Justice Roberts asks if the case of the Muslim prisoner’s beard is too easy

(RNS) In the first religion case of the Supreme Court season, a Muslim prisoner asks for the right to grow a very short beard.

When Gregory Holt’s case arrives at the U.S. Supreme Court on Tuesday (Oct. 7), lawyers won’t be arguing about what landed him a life sentence in an Arkansas state prison, but rather what he wanted to do once he got there: grow a beard in observance of his Muslim religious beliefs. Photo courtesy of Religion & Ethics Newsweekly, via Arkansas Corrections

Gregory Holt — known as Abdul Maalik Muhammad after his conversion to Islam. Photo courtesy of Religion & Ethics Newsweekly, via Arkansas Corrections

(RNS) In some ways, the case of the Muslim prisoner who wants to grow a beard seems easy.  When it comes to a prisoner’s religious rights, federal laws favors accommodation when possible.

So how could Gregory Holt — known as Abdul Maalik Muhammad after his conversion to Islam — possibly lose at the Supreme Court, where the justices heard his case on Tuesday (Oct. 7)?

Holt wants to grow a mere half-inch beard — a length of whisker allowed in the vast majority of state prison systems, but not the one where he is incarcerated: Arkansas.

Even Chief Justice John Roberts wondered how such a seemingly straightforward case came before the high court, which usually occupies itself with the thorniest of legal questions.

John G. Roberts Jr., chief justice of the United States of America.

John G. Roberts Jr., chief justice of the United States of America.

“You’re really just making your case too easy,” Roberts told Douglas Laycock, the respected First Amendment scholar arguing on Holt’s behalf. You’re just saying, “Well, we want to draw the line at a half inch because that lets us win. And the next day someone’s going to be here with one inch. And maybe it’ll be you. And then, you know, two inches.”

You can’t get around the “legal difficulty” of the case by asking for so little, Roberts concluded.

A prisoner who wants a full beard will likely petition the court some day, Laycock replied. But that plaintiff is not before the court today. “So this case is about a half an inch.”

But of course it is about more, as Laycock made clear later in his argument. The Supreme Court, he said, must decide how much deference prison officials get when they decide to limit inmates’ religious observance.

Douglas Laycock, the respected First Amendment scholar arguing on Gregory Holt's behalf, in front of the Supreme Court on Tuesday (Oct.7). Religion News Service photo by Lauren Markoe

Douglas Laycock, the respected First Amendment scholar arguing on Gregory Holt’s behalf, in front of the Supreme Court on Tuesday (Oct.7). Religion News Service photo by Lauren Markoe

“The degree of deference due to the prison,” Laycock said, “depends on the quality of their explanation, the quality of their consideration of the issue, and here there’s no indication they ever considered the religious needs of the prisoners in the adoption of this rule.”

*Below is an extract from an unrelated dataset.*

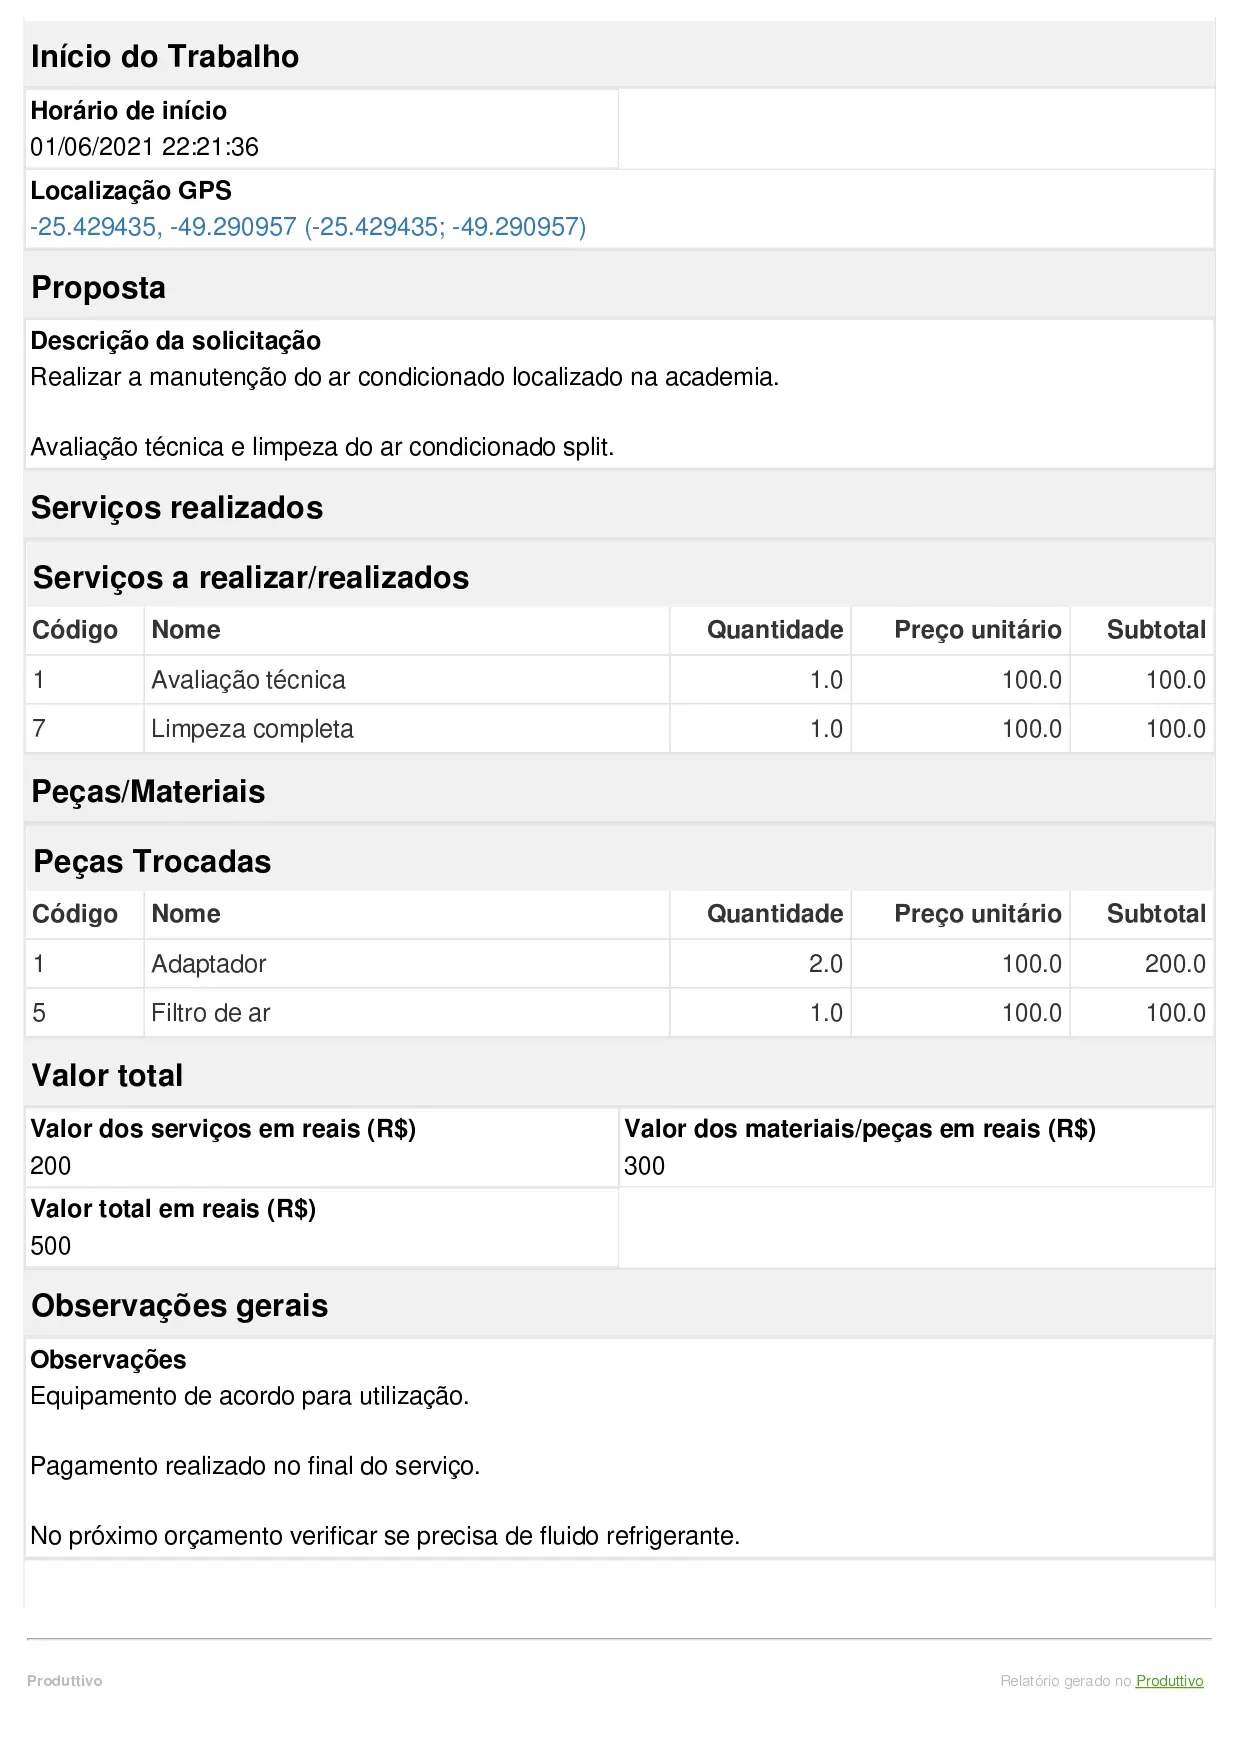 Exemplo de modelo de orçamento de serviço digital criado no Produttivo com recursos de cálculo automático, página 02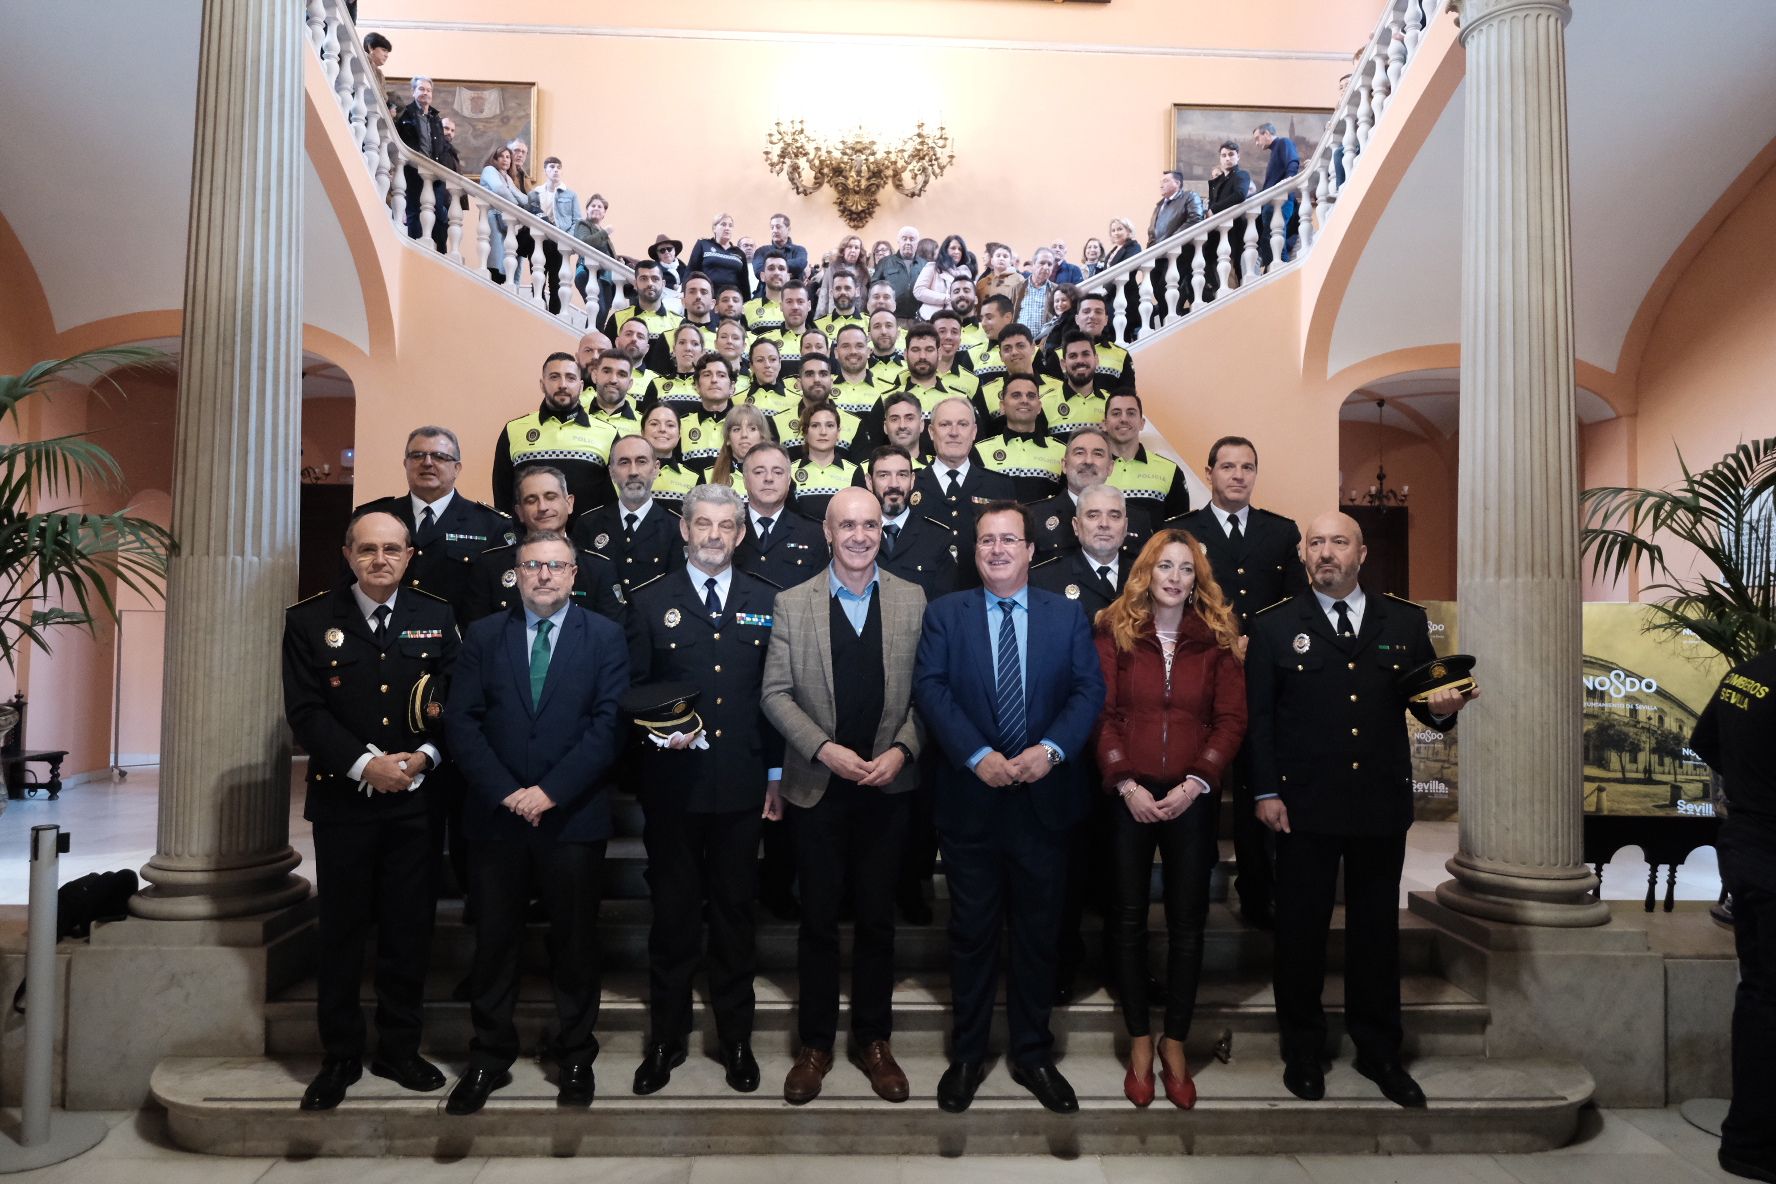 El Ayuntamiento de Sevilla oferta 123 puestos de trabajo: bomberos, policías, administrativos...

Laycock reiterated the strict standard that the court must apply in answering that question: Does the beard rule reflect a “compelling government interest” and does it represent the “least restrictive” burden on the prisoner’s religious rights to achieve the rule’s goal?

The prison’s goal is security, explained David Curran, the Arkansas deputy attorney general who argued the case before the court on behalf of Ray Hobbs, the director of the state’s Department of Correction. Prisoners can hide all kinds of contraband — drugs, weapons, cell phone SIM cards — in even a short beard, he said. But he rested most of his case on the potential of prisoners to shave and confuse guards as to their true identities. Elsewhere, this may not pose the problem it presents in Arkansas, he said.

 A view of the Supreme Court on Oct. 7, 2014.  Religion News Service photo by Lauren Markoe

A view of the Supreme Court on Oct. 7, 2014. Religion News Service photo by Lauren Markoe

“We are not like California. We are not like New York. They have cell block housing,” said Curran, explaining that Arkansas maximum security prisoners often live 40 to 60 inmates to a barracks, and spend their days outside the prison compound working in fields.

“We think if deference means anything, it means you don’t have to copy the prison policies of other states who don’t even have the similar security concerns that we do,” Curran said.

Holt, imprisoned for stabbing his former girlfriend in the chest and neck, has repeatedly stated his intention to harm public officials and pleaded guilty to threatening to kidnap and harm the daughters of former President George W. Bush. He has declared himself  “at war” with the prison barber and has threatened to hurt him.

"Having a beard is not a commandment in Islam," said Sayyid M. Syeed of the Islamic Society of North America, outside the courthouse. Religion News Service photo by Lauren Markoe

“Having a beard is not a commandment in Islam,” said Sayyid M. Syeed of the Islamic Society of North America, outside the courthouse. Religion News Service photo by Lauren Markoe

Despite his behavior in and out of prison, a diversity of interest groups wrote briefs in support of Holt’s case, including Americans United for Separation of Church and State, the International Mission Board of the Southern Baptist Convention, and the American Jewish Committee. With Laycock, the conservative Becket Fund for Religious Liberty prepared Holt’s case in Holt v. Hobbs.

Arkansas’ brief in the case noted that Holt is allowed access to a Muslim counselor, the ability to pray in the direction of Mecca and food options that allow him to observe Muslim dietary law.

The brief also notes that many Muslim men do not consider a beard a religious obligation.

But many Sunni Muslims do — and Holt follows the conservative Salafi school of Sunni Islam whose followers believe they must grow a beard as did the Prophet Muhammad.

“Having a beard is not a commandment in Islam,” said Sayyid M. Syeed of the Islamic Society of North America, outside the courthouse. But the key issue is that Holt believes it is a religious requirement, he said. If Holt is denied his right, it would be easier to deny other prisoners their religious rights.

A win for Holt “advances our commitment in America for religious liberty,” Syeed said.

Holt was not present at the Supreme Court Tuesday. The justices are expected to issue their decision next spring.